The structure and mechanical properties of a multicomponent alloy of the Al-Co-Cr-Cu-Fe-Ni system obtained by quenching from the melt

This study investigates the influence of cooling rate on the microstructure, phase formation, and mechanical properties of the high-entropy alloy (HEA) Al4CoCrCuFeNi. X-ray diffraction analysis revealed a fascinating interplay between cooling rate and phase composition. The as-cast sample exhibited a coexistence of an ordered BCC (B2) phase and a disordered BCC phase, suggesting the presence of diffusion processes. In contrast, the melt-quenched sample displayed a single B2 phase, highlighting the suppression of diffusion at high cooling rates.

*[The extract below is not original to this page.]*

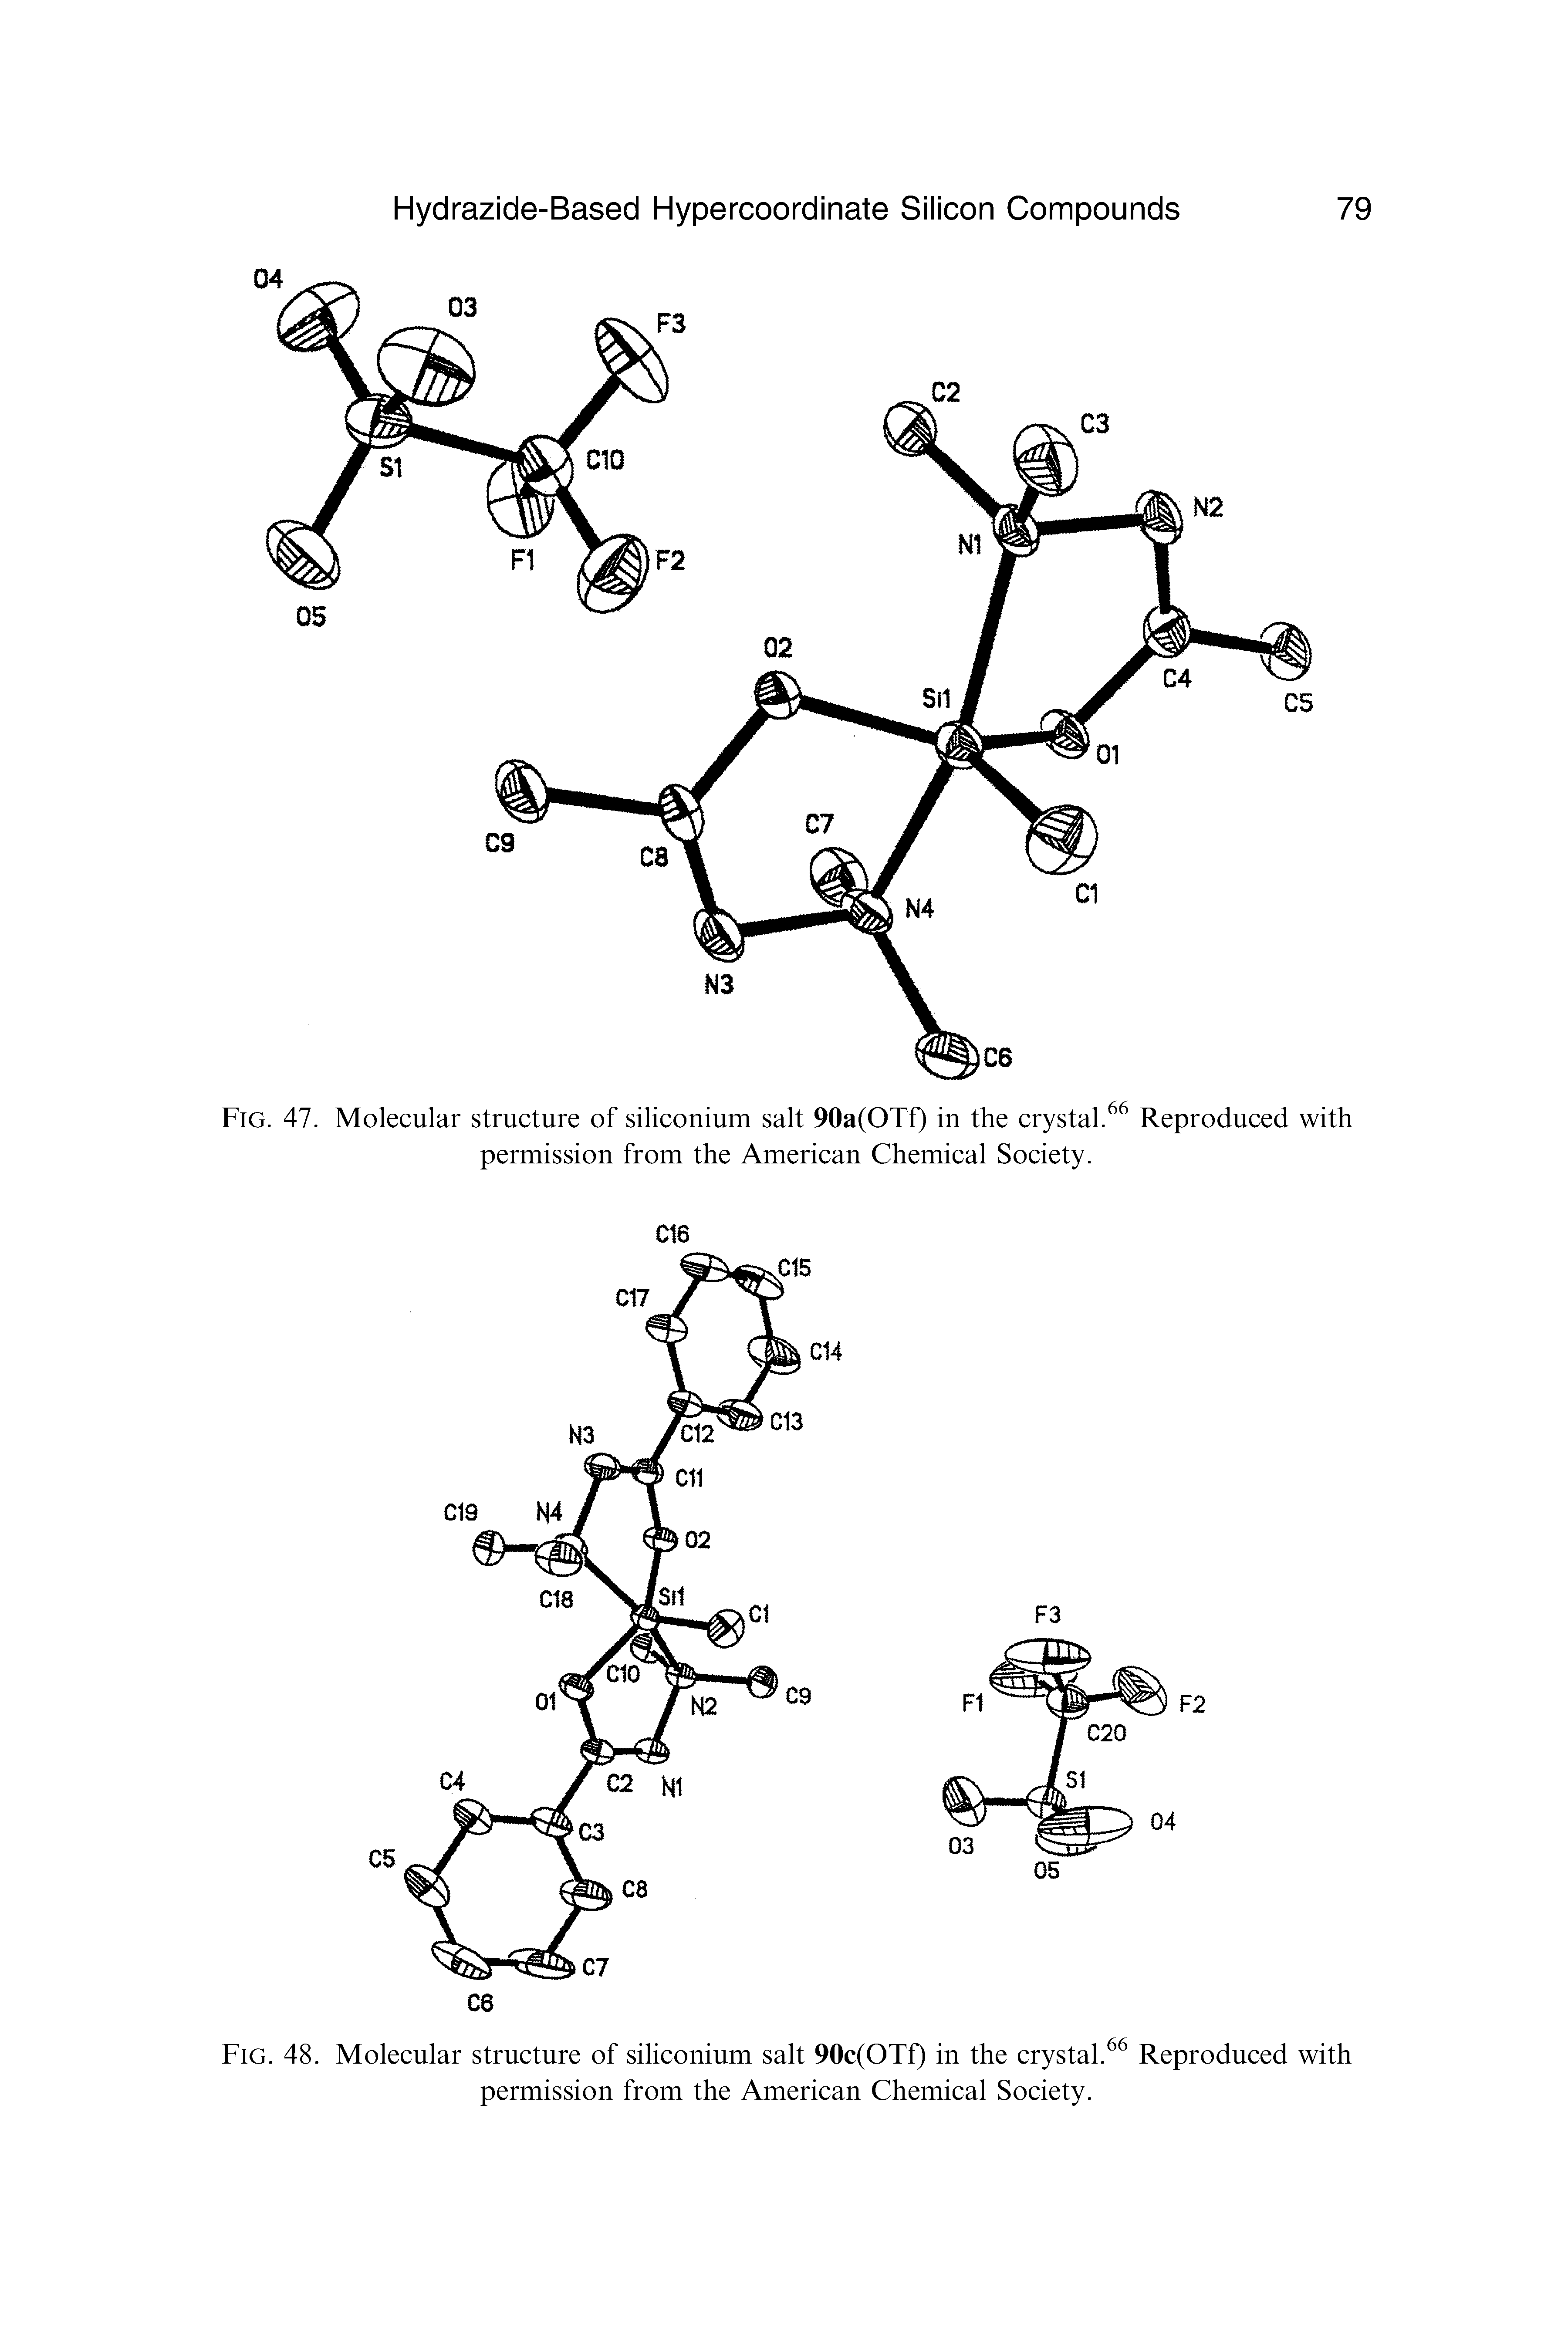 Fig. 47. Molecular structure of siliconium salt 90a(OTf) in the crystal.66 Reproduced with permission from the American Chemical Society.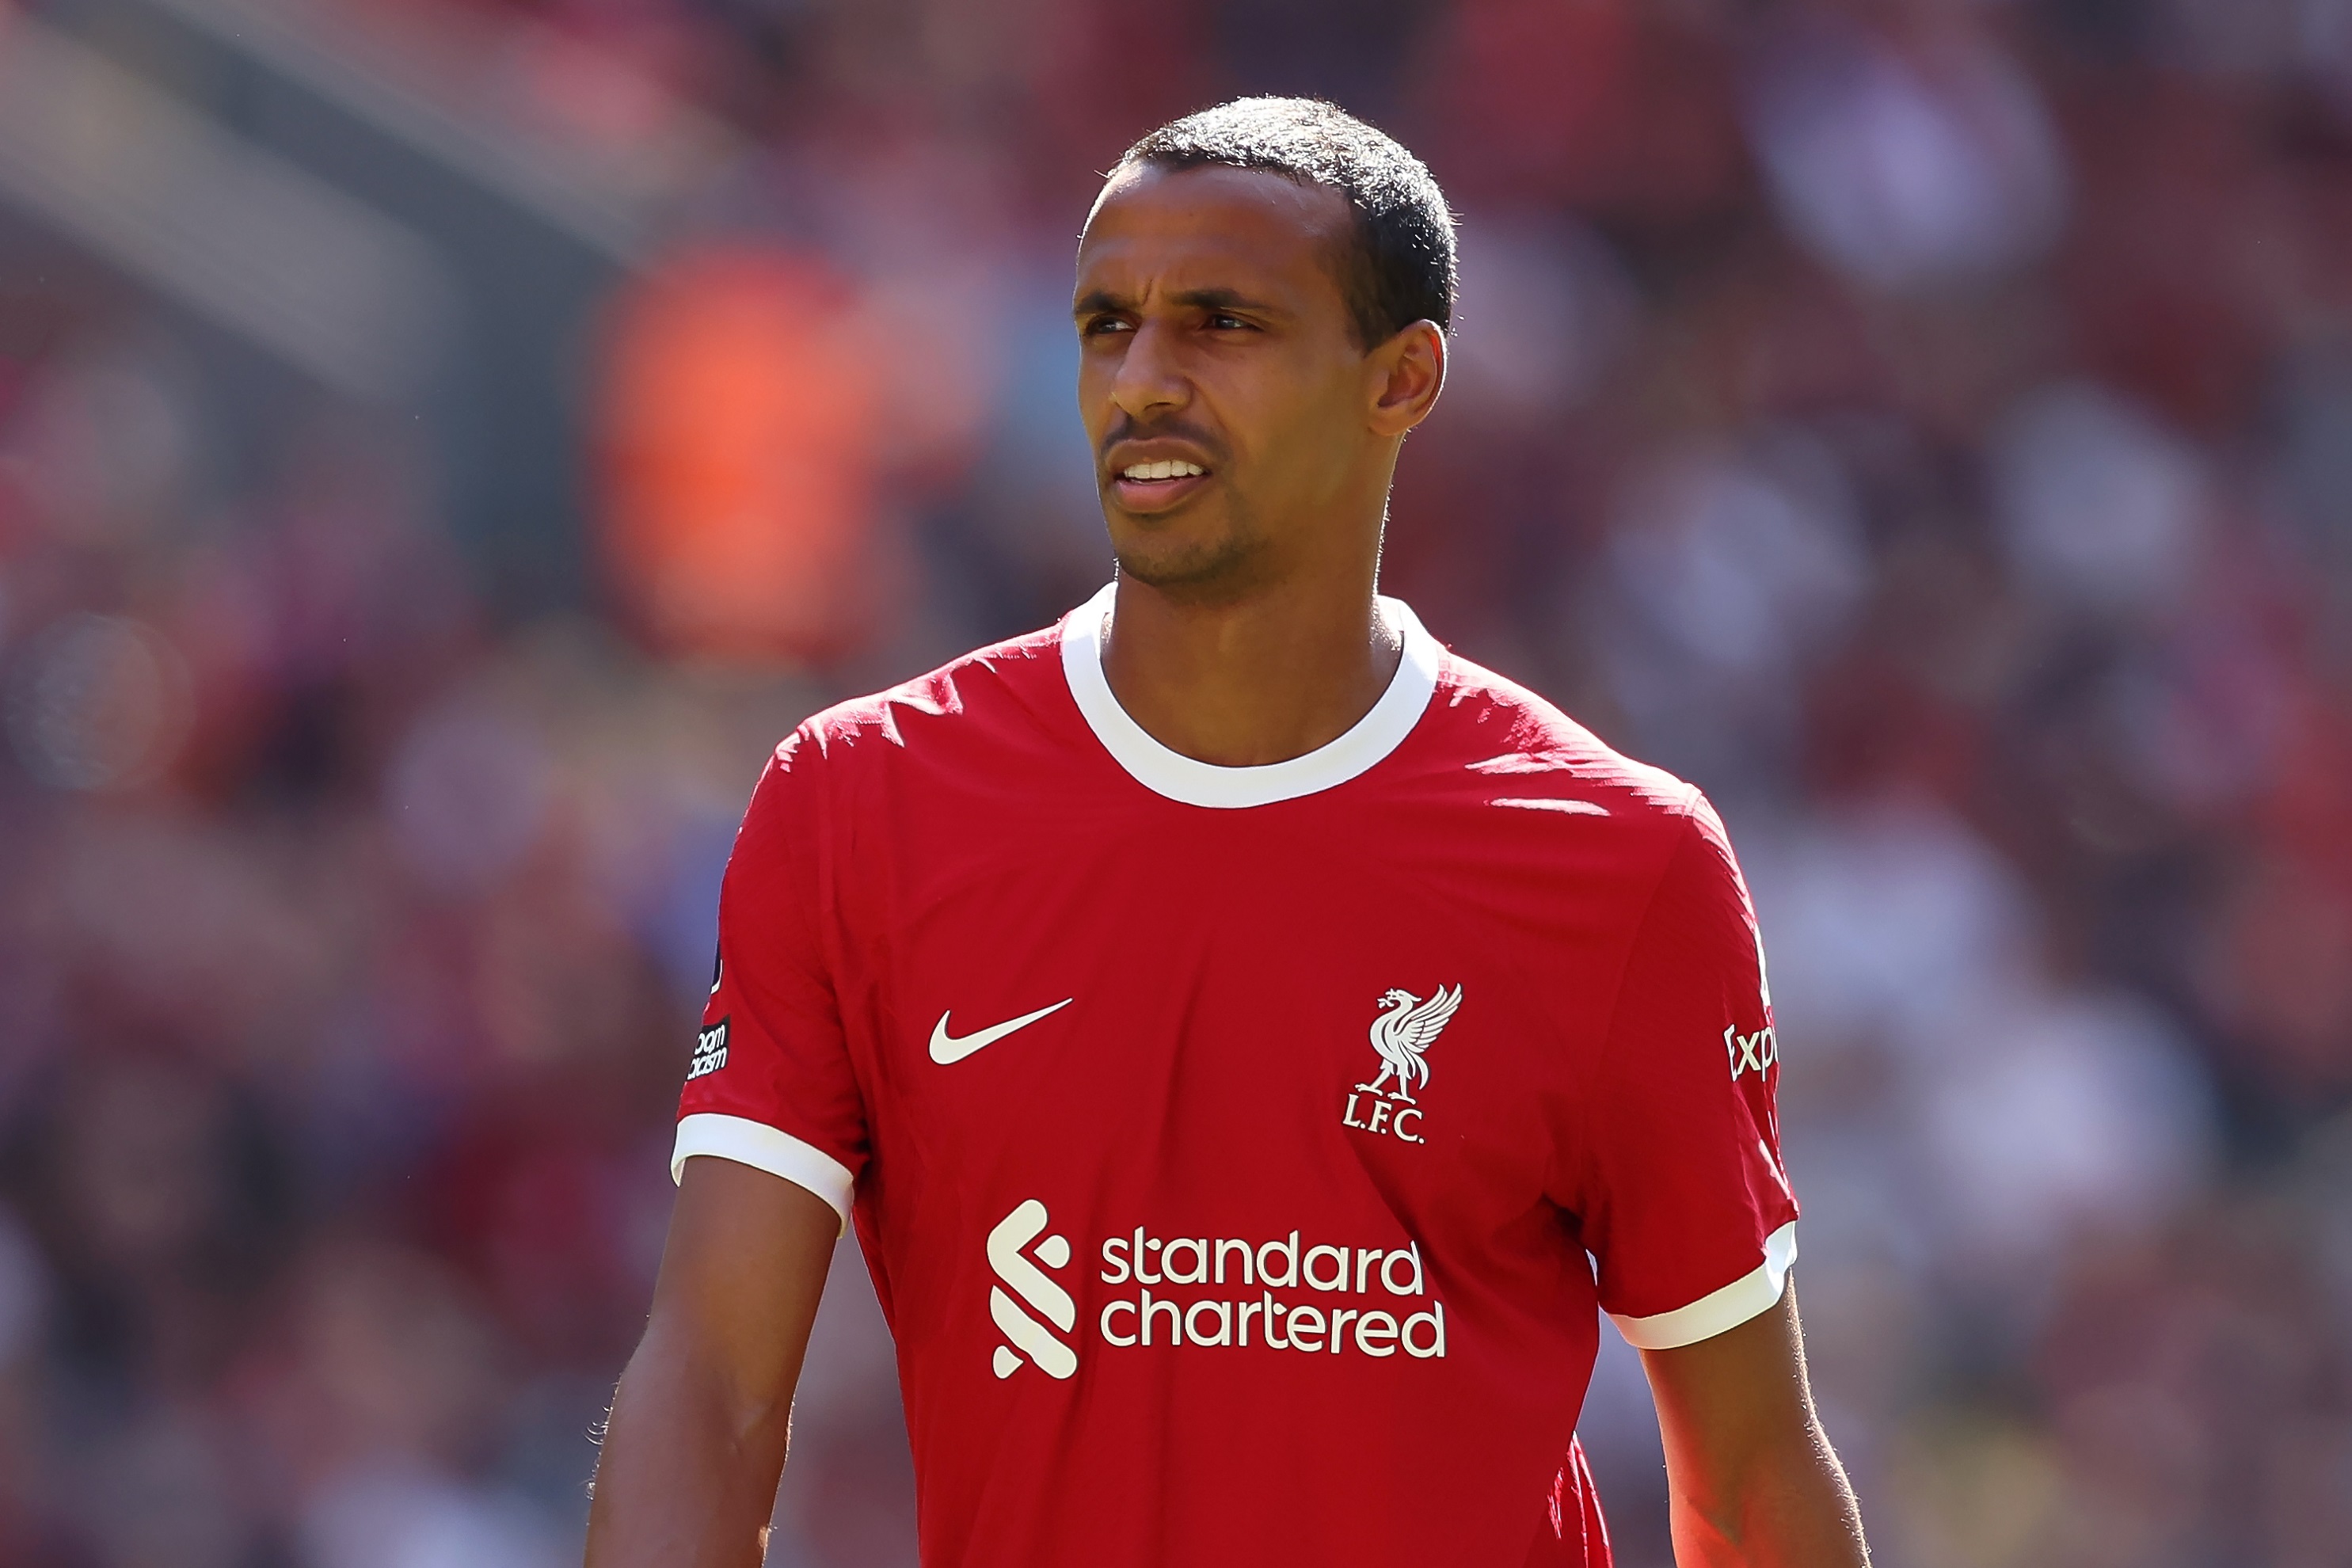 Roma and Lazio are on the prowl for cheap reinforcements and have earmarked Joel Matip, who will most likely leave Liverpool on a free.

This observation aligns with theoretical predictions based on thermodynamic, electronic, and atomic-size criteria. The microstructural examination further verified these findings. The as-cast sample displayed a characteristic dendritic structure, while the quenched sample exhibited a finely dispersed morphology, likely due to the formation of a planar crystallization front during rapid quenching. The microhardness measurements showcased a remarkable enhancement: the quenched HEA achieved a value of 9400 MPa, significantly exceeding the 6500 MPa of the as-cast sample. This improvement can be attributed primarily to the increased presence of the harder B2 phase in the quenched sample. Additionally, the quenched microstructure, characterized by a higher level of microdeformations and smaller grain sizes, likely contributes to the observed increase in hardness. In conclusion, this study underscores the critical role of cooling rate in tailoring the phase composition, microstructure, and ultimately, the mechanical properties of Al4CoCrCuFeNi HEA. Rapid quenching promotes the formation of a harder B2 phase and a more refined microstructure, leading to a significant enhancement in microhardness. These findings offer valuable insights for optimizing the processing techniques of Al4CoCrCuFeNi HEA to achieve desired mechanical properties for various applications.